*** This is a rough transcript of today’s show ***

It is the 20th of April 2022. Welcome to the Christian History Almanac brought to you by 1517 at 1517.org; I’m Dan van Voorhis.

We don’t do serialized shows around here- you never have to listen to one to understand another- but when themes and certain events are swirling on consecutive days, I like to mention.

Yesterday we talked about Philipp Melanchthon and his relationship with Luther. As his systematizer, as his friend, as his sounding board and ally. It was a special relationship in Wittenberg at that time- that, along with the printer and artist Lucas Cranach, drove the earliest movement in the Reformation. But I was remiss in not adding a 4th character to this town’s cast of reformation characters- so today we remember the pastor to the Reformers- the man who preached to Luther and Melanchthon and Cranach on Sunday mornings from the Wittenberg Stadkirche: Johannes Bugenhagen.

Bugenhagen died on this the 20th of April in 1558, so let’s honor his part of the Reformation story on this anniversary.

Bugenhagen wanted a fancy Latin name like Melanchthon (remember old Schwartzerd), and he tried to give himself the name Johannes Pomeranus (he was from Pomerania). Still, it hasn’t stuck in the historical record.

He was born in 1485 and given a thoroughly Catholic Humanist education- something very common for many would-be Reformers. Let me lay out Humanism real quick.

It is an educational aspiration. The desire to free the self by reflecting on the past and present in all of its diversity includes many languages and many kinds of texts. It’s not identical- but think “Liberal Arts” today, and you get closer to what Humanism was.

But Bugenhagen was initially cool to Luther’s reform. In 1520 he began a correspondence with Luther and received an early copy of his early treatises (On the Freedom of the Christian and the Babylonian Captivity of the Church). This convinced Johannes to make his way to Wittenberg, but Luther would have fled to the Wartburg Castle after the Diet of Worms.

So Bugenhagen studied with Melanchthon- received his doctorate in Theology, and was a coveted Reformer for many cities with open positions. Bugenhagen was amongst the earliest Reformers to get married, and this seems to have been a boon for Wittenberg, as Bugenhagen’s marriage led some to remind their call to him.

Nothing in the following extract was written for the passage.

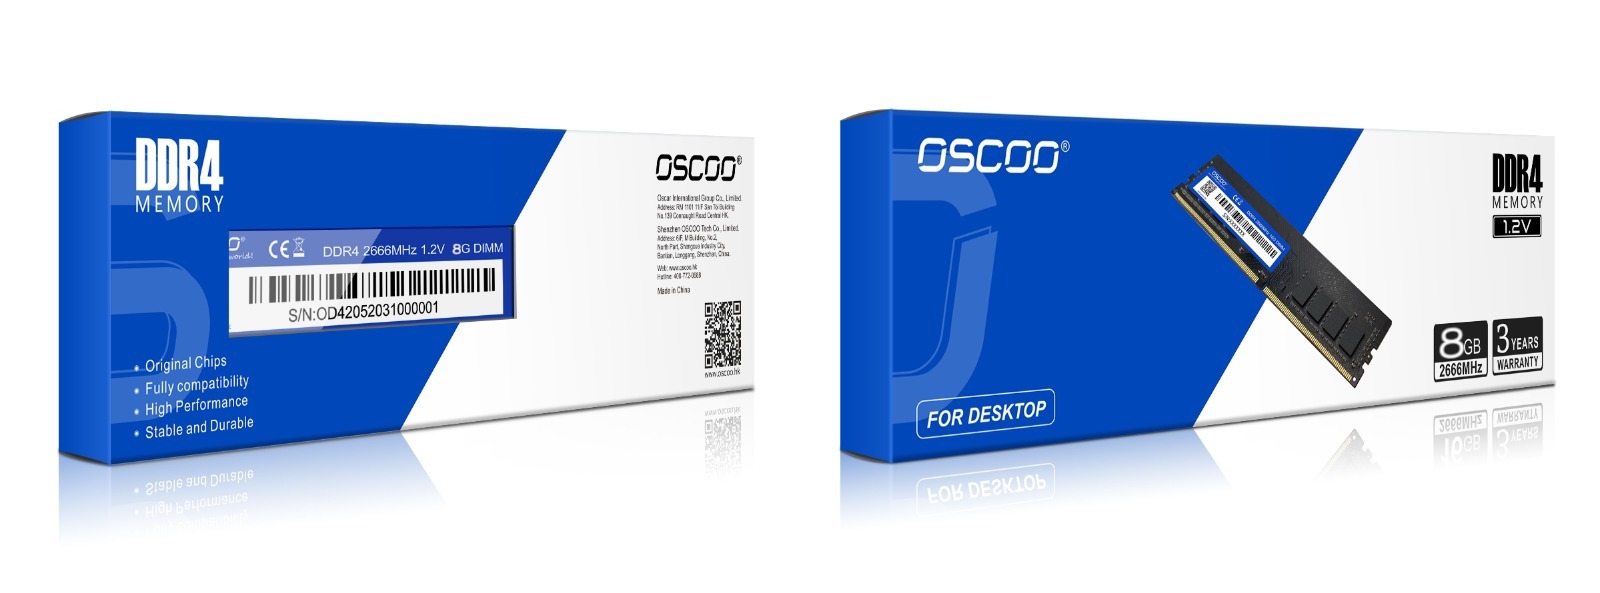 Oscoo DDR4 desktop 8GB 3200MHz Heatsink

He was the preacher at the Stadkirche. He was Luther’s confessor and the author of Church Orders- that is, think of a hymnal with an order of service, small Catechism, etc. He helped perform the Saxon visitations with Luther in the late 1520s and went on to help establish churches in the North-Eastern German and Danish lands- not far from his native Pomerania.

Bugenhagen also translated Luther’s version of the German New Testament into Low German- (think of it like the Message or the Living Bible today- a handy tool for many just learning to read).

Bugenhagen’s life- at its best- can be seen as a testimony to the hard work of the parish pastor. Luther and Melanchthon and Cranach get a lot of the glory- but imagine the work of the man whose job was to keep the fire of the Gospel burning through the pulpit- to feed the people who would then take the message out to the ends of the world.

It should also be noted that when Luther died, Bugenhagen preached the funeral sermon. Bugenhagen and his family took in a newly widowed Katy Luther.

Johannes Bugenhagen, born in 1485, was 72 when he died on this the 20th of April in 1558

The last word for today comes from the daily lectionary, which is keeping us in the easter mood- this is from Luke.

9 When they came back from the tomb, they told all these things to the Eleven and to all the others. 10 It was Mary Magdalene, Joanna, Mary the mother of James, and the others with them who told this to the apostles. 11 But they did not believe the women, because their words seemed to them like nonsense. 12 Peter, however, got up and ran to the tomb. Bending over, he saw the strips of linen lying by themselves, and he went away, wondering to himself what had happened.

This has been the Christian History Almanac for the 20th of April 2022, brought to you by 1517 at 1517.org.

The show is produced by a man who also tried unsuccessfully to get a few nicknames to stick: names like Iceman, the dagger, and Señor Guapo. He is Christopher Gillespie.

The show is written and read by a man Sam Pepke calls Dutch… Dan van Voorhis.

You can catch us here every day- and remember that the rumors of grace, forgiveness and the redemption of all things are true…. Everything is going to be ok.